**WHAT THE TASK ASKS:** Every line between the one containing "Elderly woman holding" and the last line of the data, both included, is to be set down exactly, and pictures are to be omitted.

**RECORDED DATA:**
--- START ---
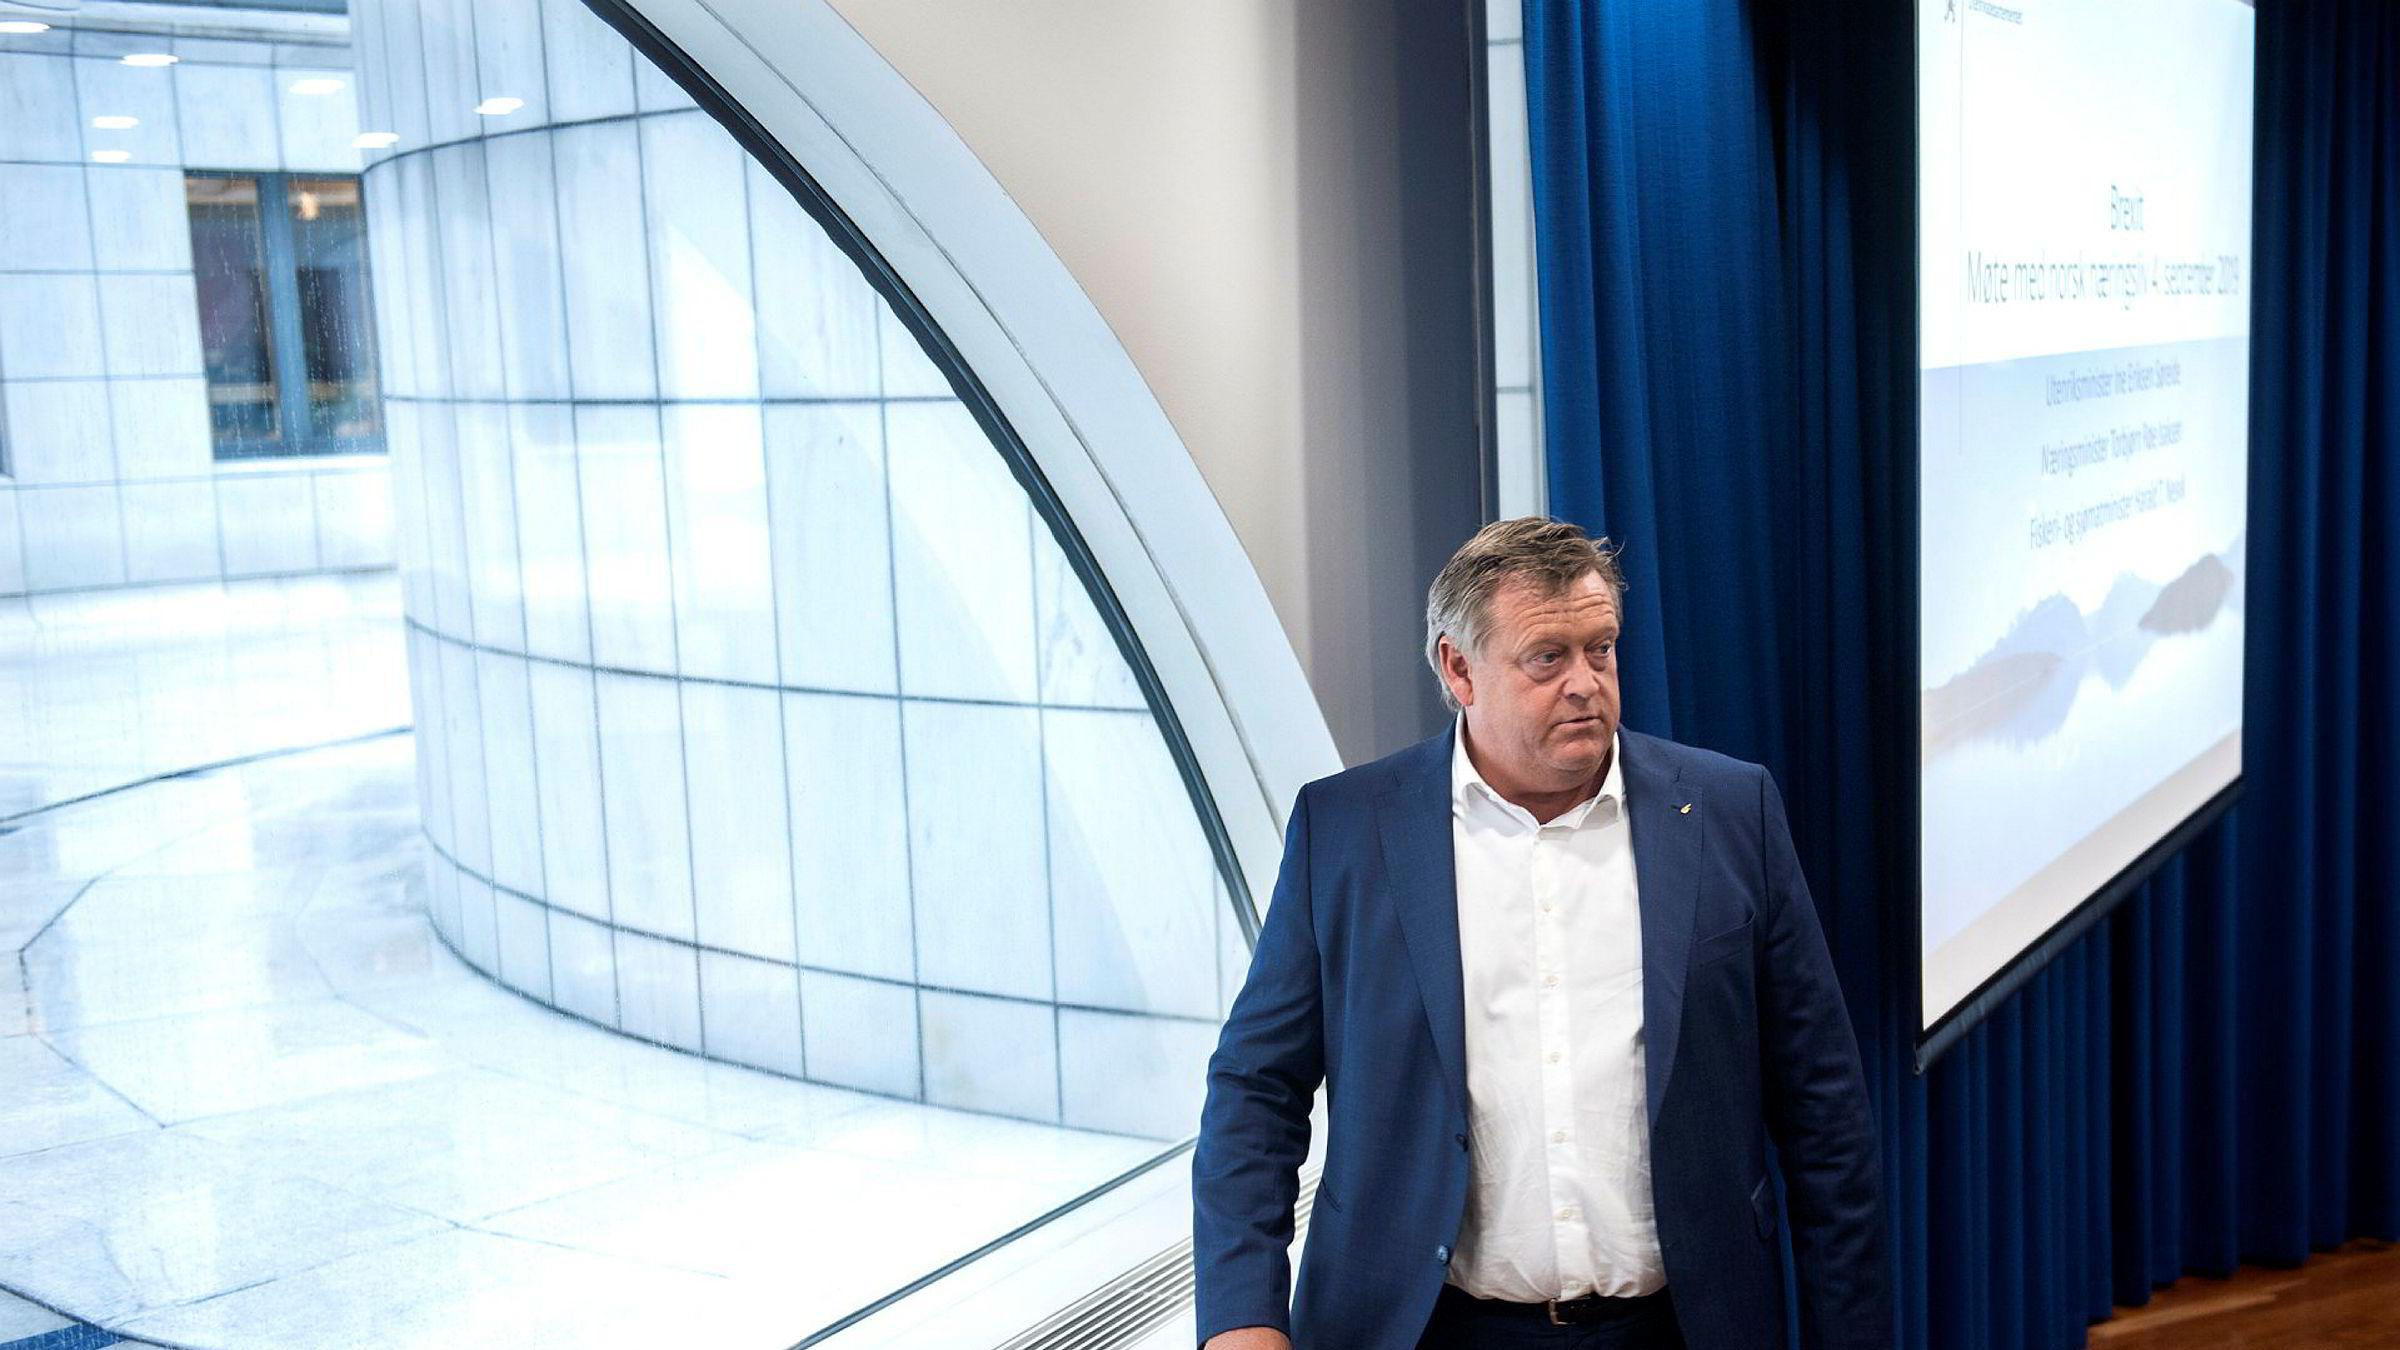 – Avtalen med EU er viktig for Norge. Sammen kan vi sikre ansvarlig forvaltning av fiskebestanden i Nordsjøen, skriver fiskeriminister Harald T. Nesvik i en pressemelding søndag.
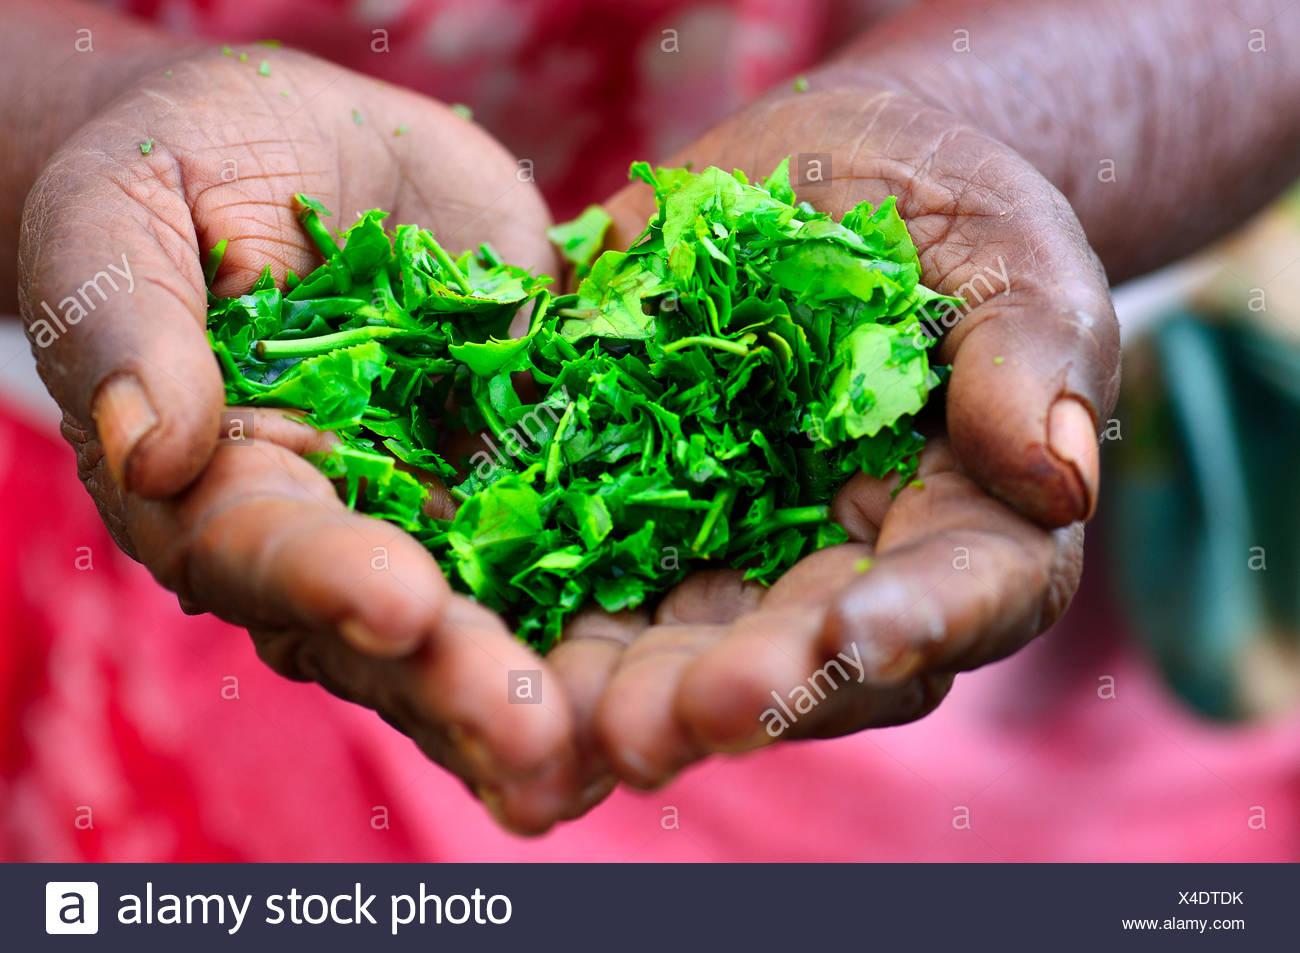 Elderly woman holding tea leaves in her hands, Ella, Uva, Sri Lanka - Stock Image
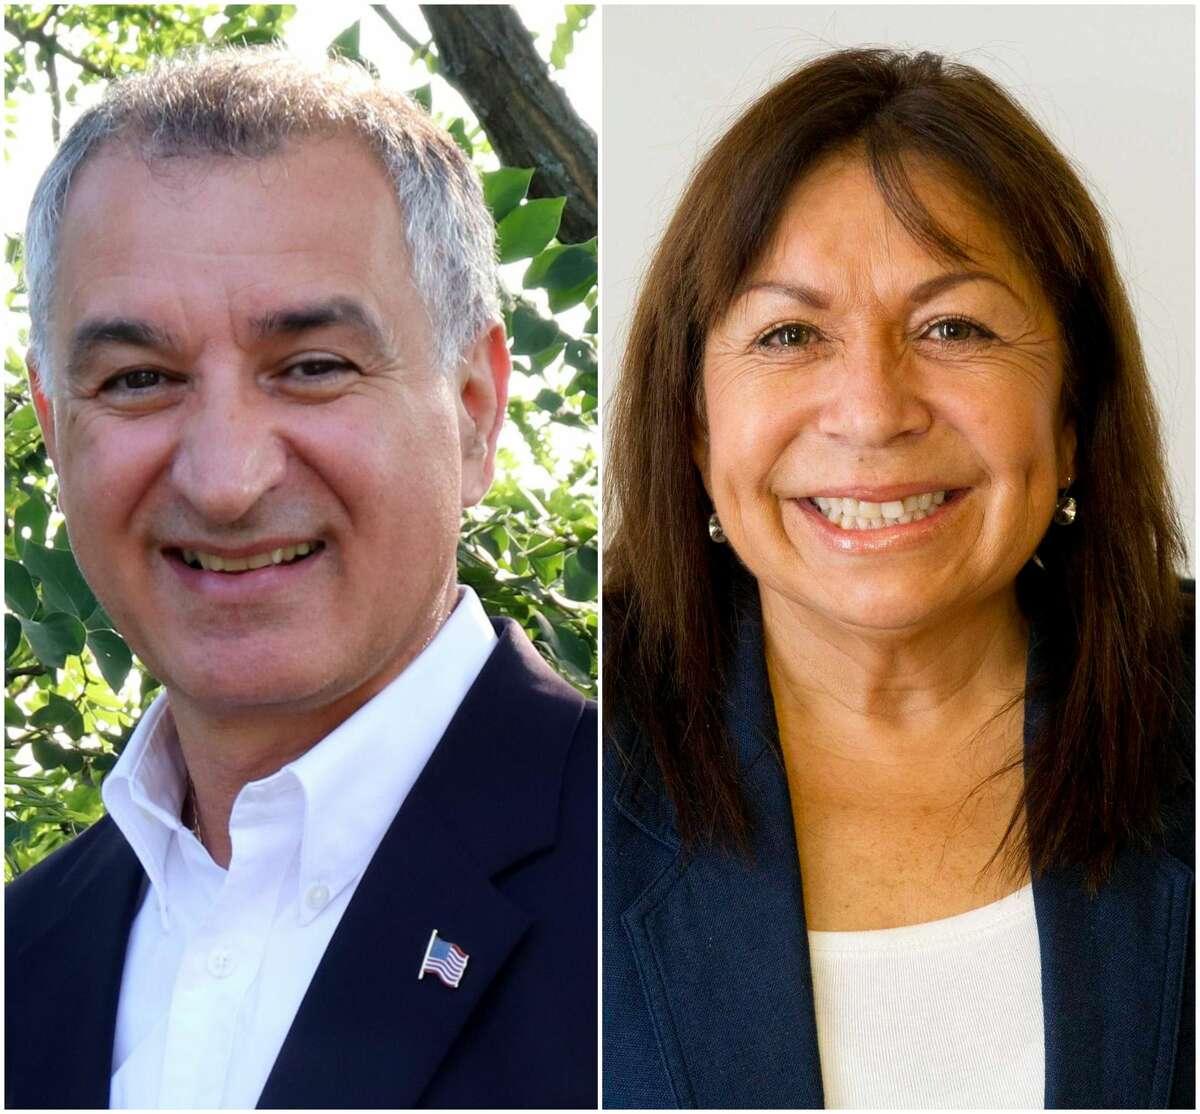 Carlo Leone (left) and Eva Maldanado (right)
--- END ---
**RESULT FOR THIS EXERCISE:**
 Elderly woman holding tea leaves in her hands, Ella, Uva, Sri Lanka - Stock Image
 Carlo Leone (left) and Eva Maldanado (right)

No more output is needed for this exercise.